## Problem requirements
Return the lines of the listing below exactly as they appear, beginning at the one with "Skater-Jeans hellblau mit" and stopping after the one with "El Viso dará"; do not include pictures.

## Available records

Segment Open

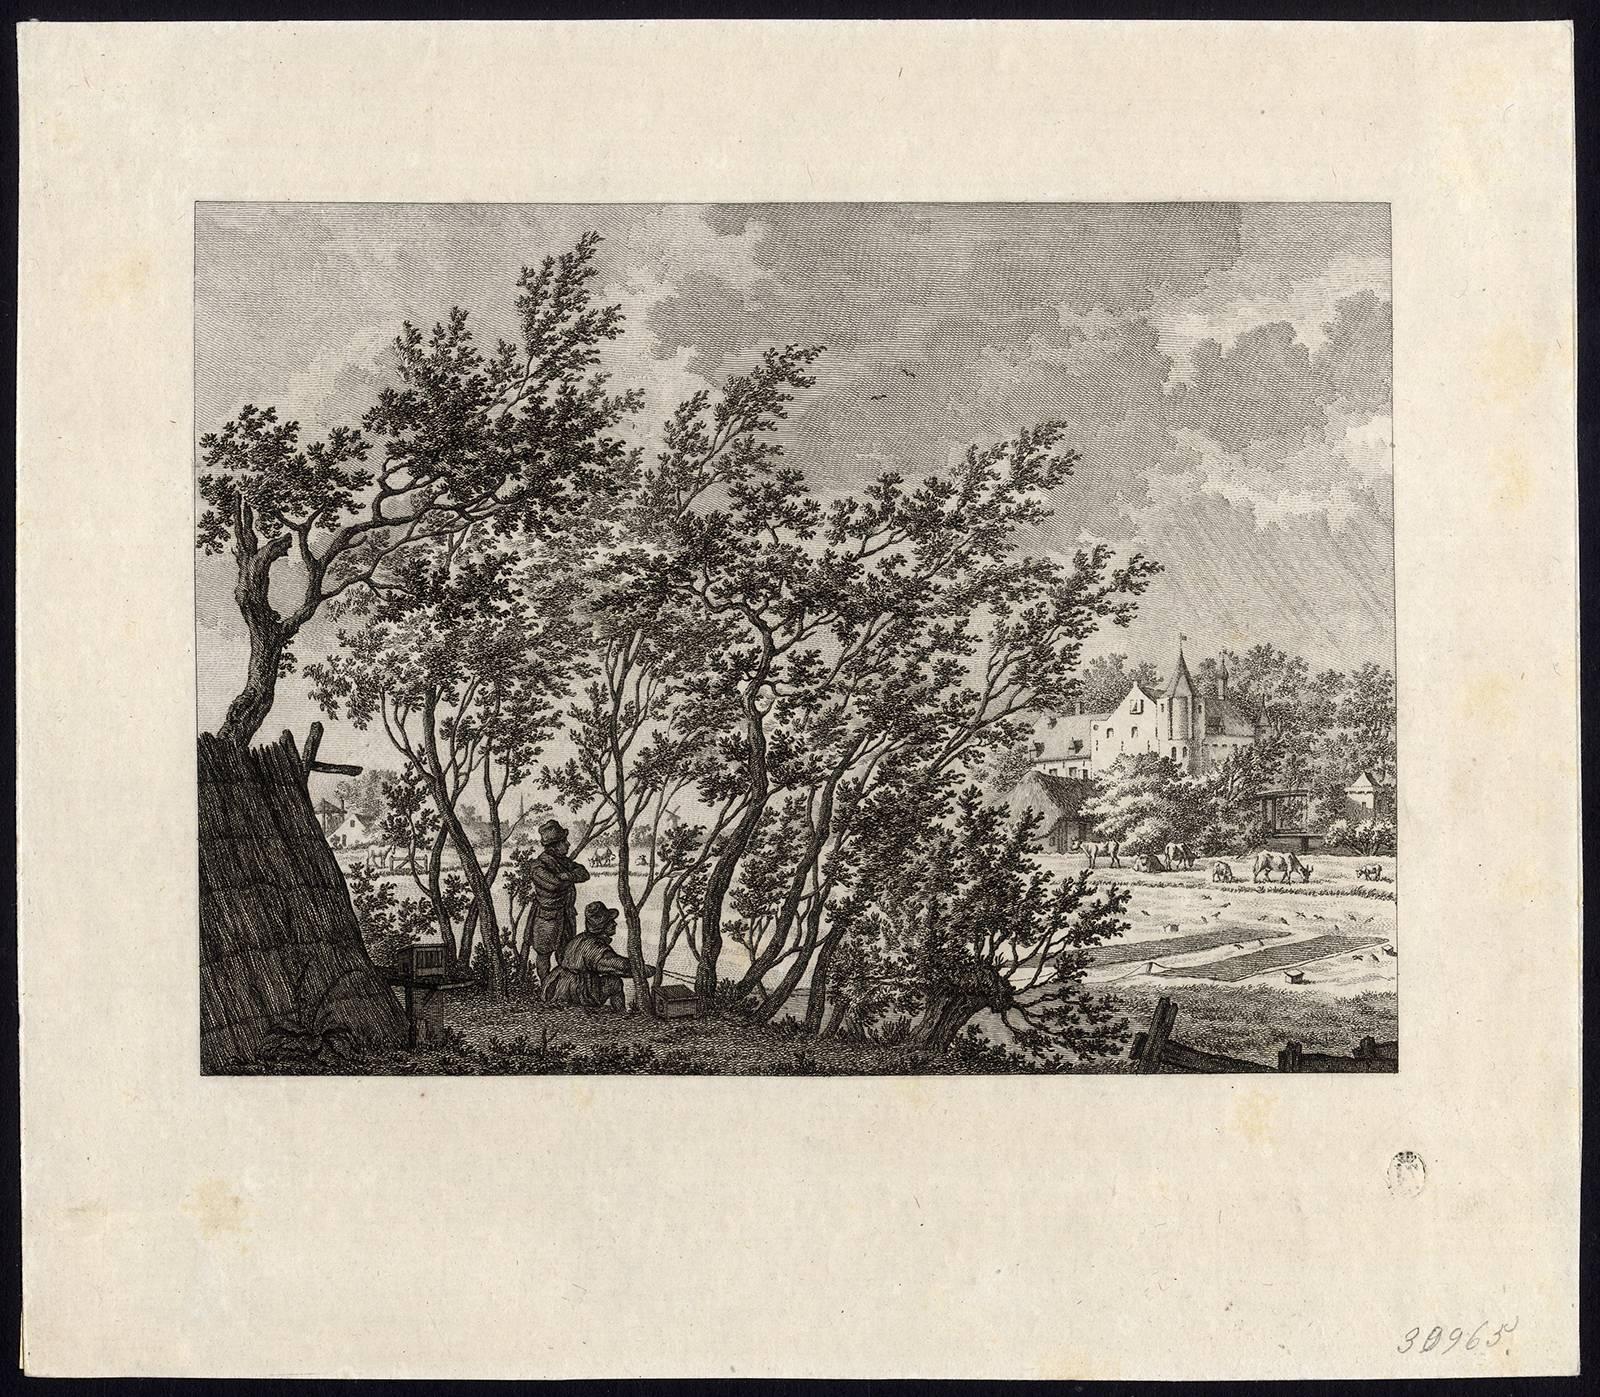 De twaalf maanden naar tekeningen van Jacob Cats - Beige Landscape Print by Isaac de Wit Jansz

Segment Closed
Segment Open

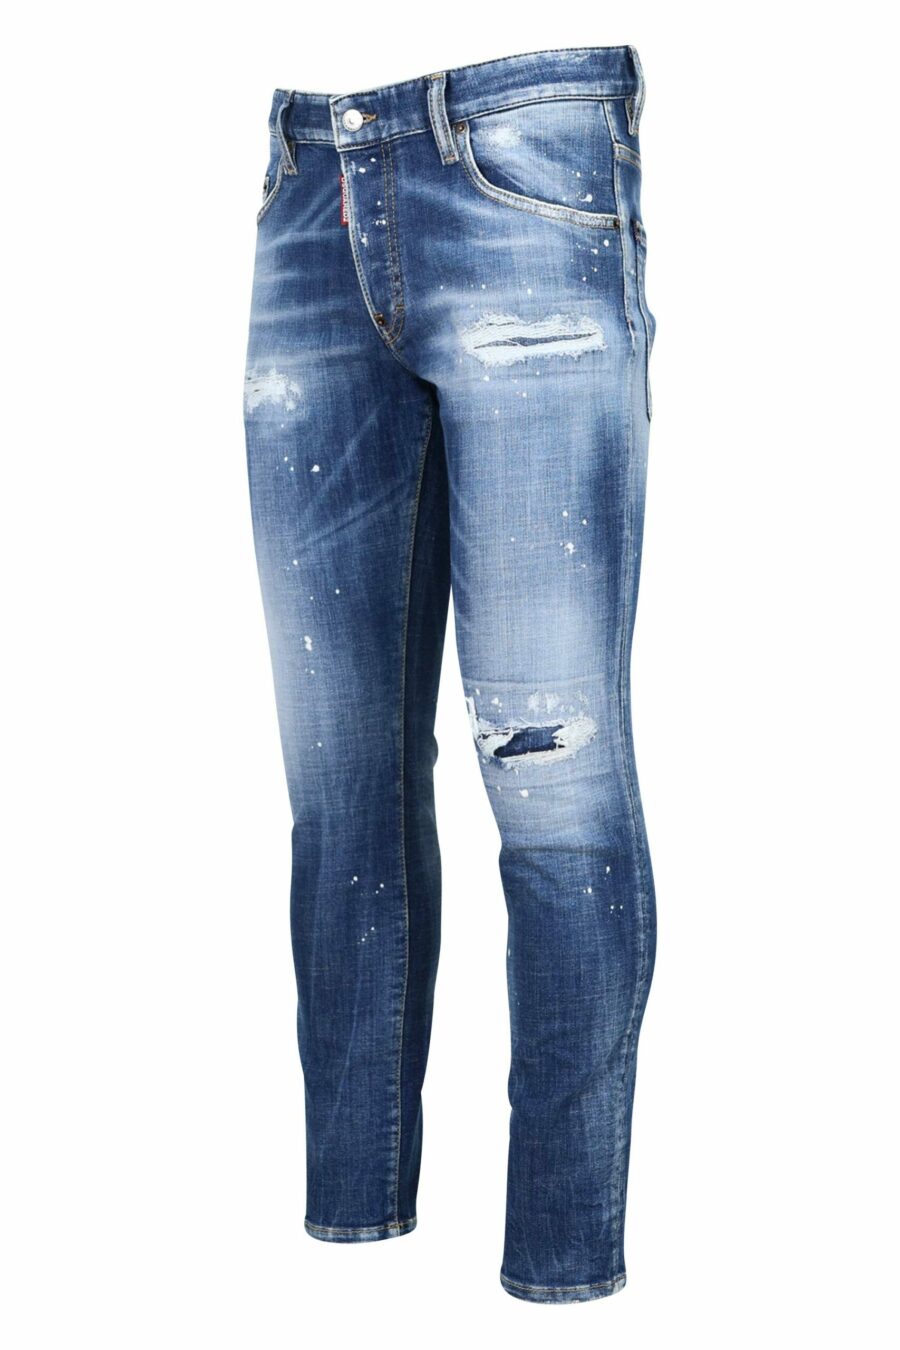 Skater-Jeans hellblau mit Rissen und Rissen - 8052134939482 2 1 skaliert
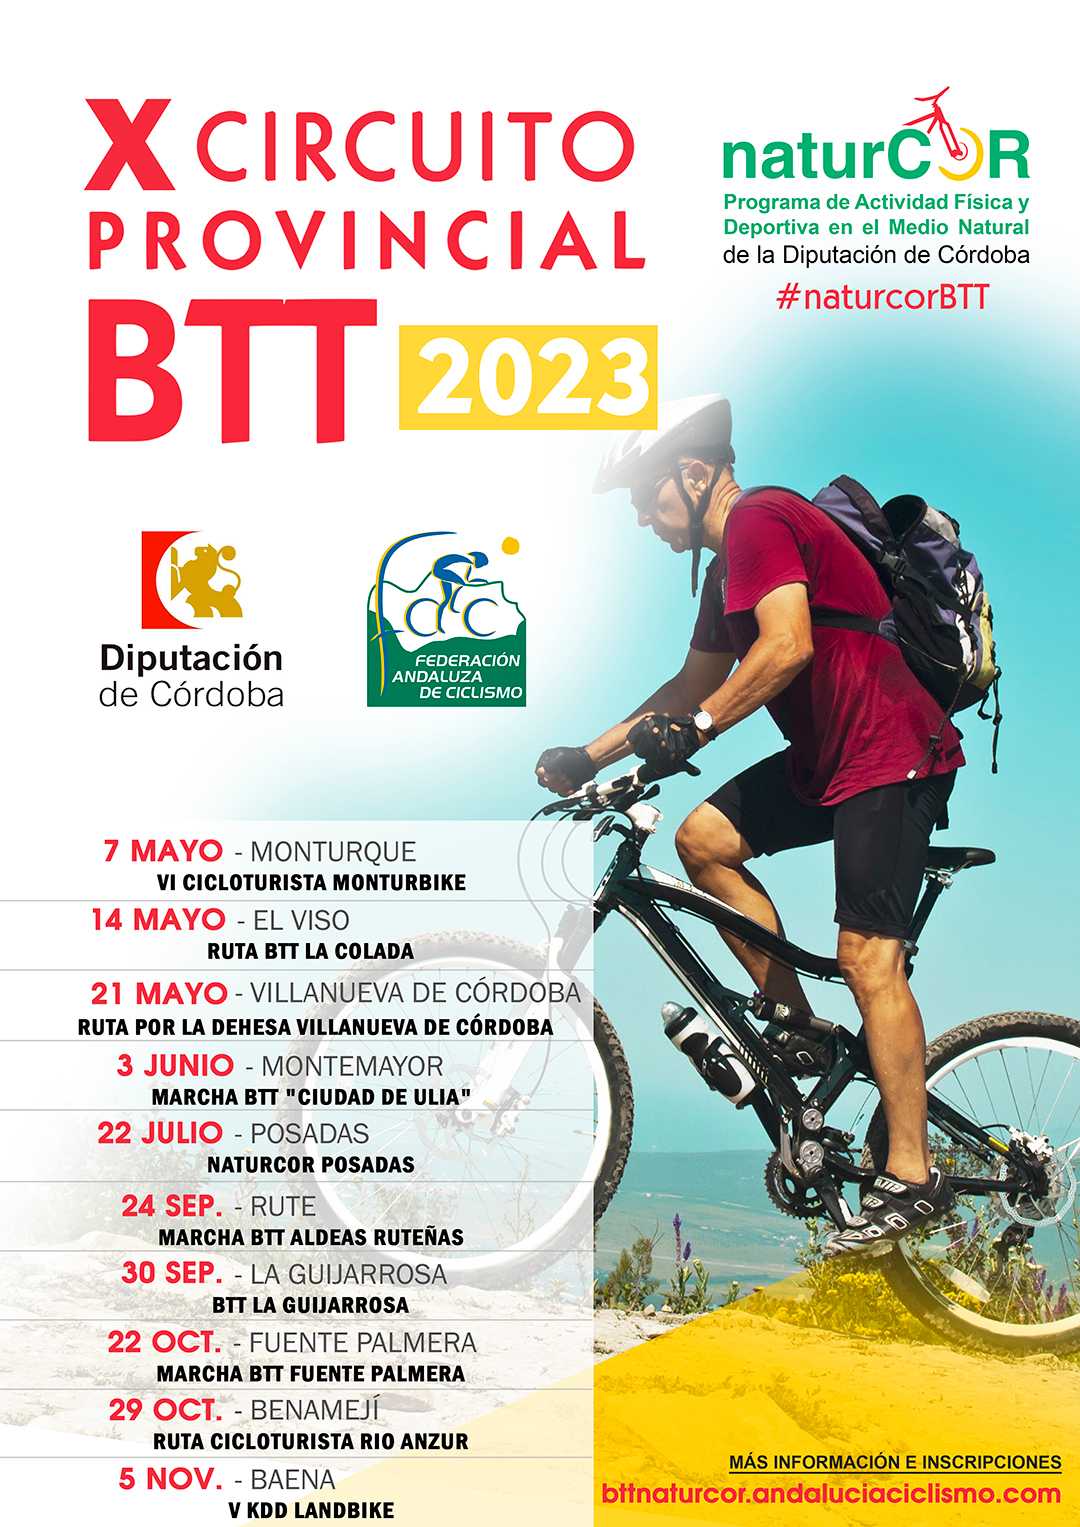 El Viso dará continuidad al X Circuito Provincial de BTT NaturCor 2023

Segment Closed

## Task answer
 Skater-Jeans hellblau mit Rissen und Rissen - 8052134939482 2 1 skaliert
 El Viso dará continuidad al X Circuito Provincial de BTT NaturCor 2023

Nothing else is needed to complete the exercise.